Os desaparecidos na Bósnia, uma ferida aberta após quase 20 anos de paz

  • Por Agencia EFE
  • 28/09/2014 07h17

Tariq Jablic.

Sarajevo, 28 set (EFE).- Durante quase uma semana Djemail Hasanovic fez uma greve de fome em uma estrada perto de Srebrenica, no leste da Bósnia, para chamar a atenção sobre seu filho desaparecido durante a guerra que assolou o país entre 1992 e 1995.

“Não me movimentarei daqui sem os ossos do meu filho. Ou terão que me atirar em um caixão”, disse Hasanovic à imprensa bósnia, sentado em uma cama em um acostamento próximo ao lugar no qual acredita que assassinaram seu filho há mais de 20 anos.

A frustração por anos de busca infrutífera, que pouco a pouco vão minando as esperanças, não é algo que afete apenas este pai, mas também às famílias dos estimados oito mil desaparecidos dos quais não se tem rastro no país balcânico habitado por sérvios, croatas e bósnio-muçulmanos.

Na semana passada Hasanovic abandonou finalmente sua greve de fome ao receber uma nova pista sobre o paradeiro dos restos de seu filho, Dzevad, que se supõe que morreu em 1993 com outros dois civis em uma emboscada de militares servo-bósnios.

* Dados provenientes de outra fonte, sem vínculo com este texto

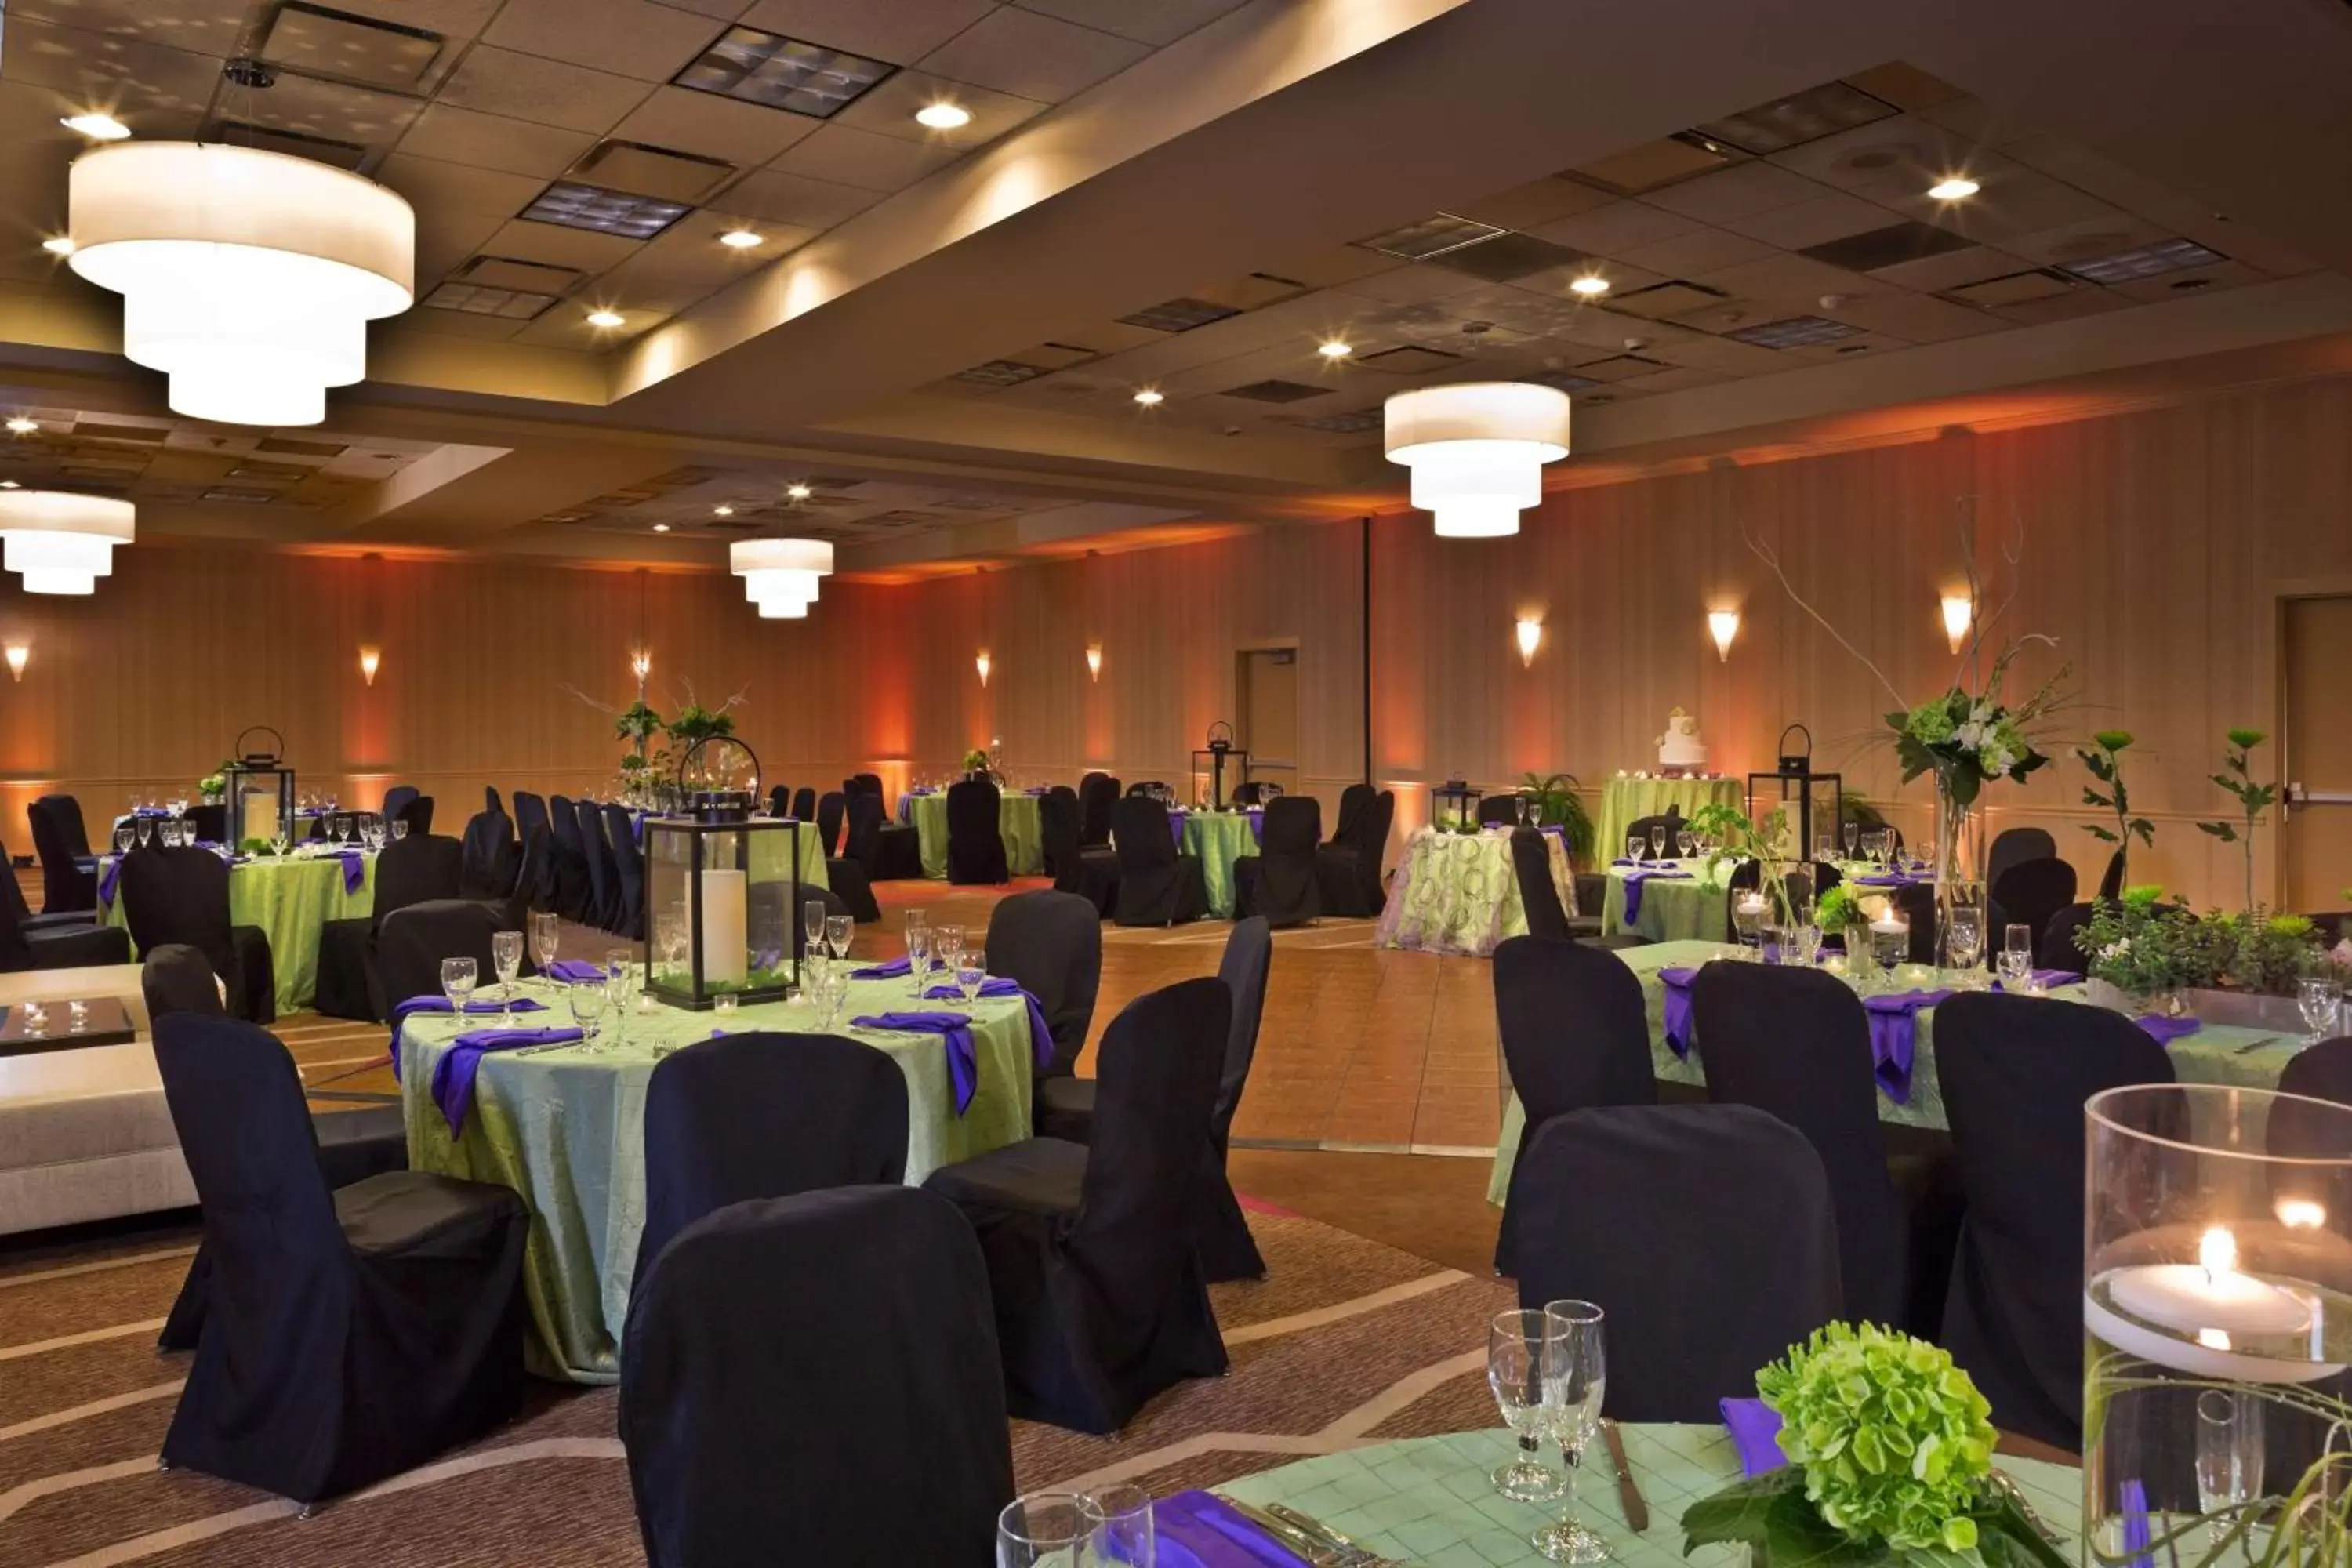 Meeting/conference room, Banquet Facilities in Hilton Garden Inn White Marsh

Os investigadores do Instituto de Desaparecidos da Bósnia encontraram restos mortais de uma pessoa e esperam a autorização da procuradoria para iniciar a exumação.

“Se um dia encontram os ossos, fazem a análise de DNA e me dizem que tudo se encaixa, irei a algum outro país para ratificá-lo porque não confio neles”, declarou Hasanovic à imprensa local.

Quase duas décadas depois da guerra que enfrentou muçulmanos, sérvios e croatas, 24 mil pessoas desaparecidas foram achadas e seus cadáveres exumados, muitos em valas comuns, e grande parte foi identificada.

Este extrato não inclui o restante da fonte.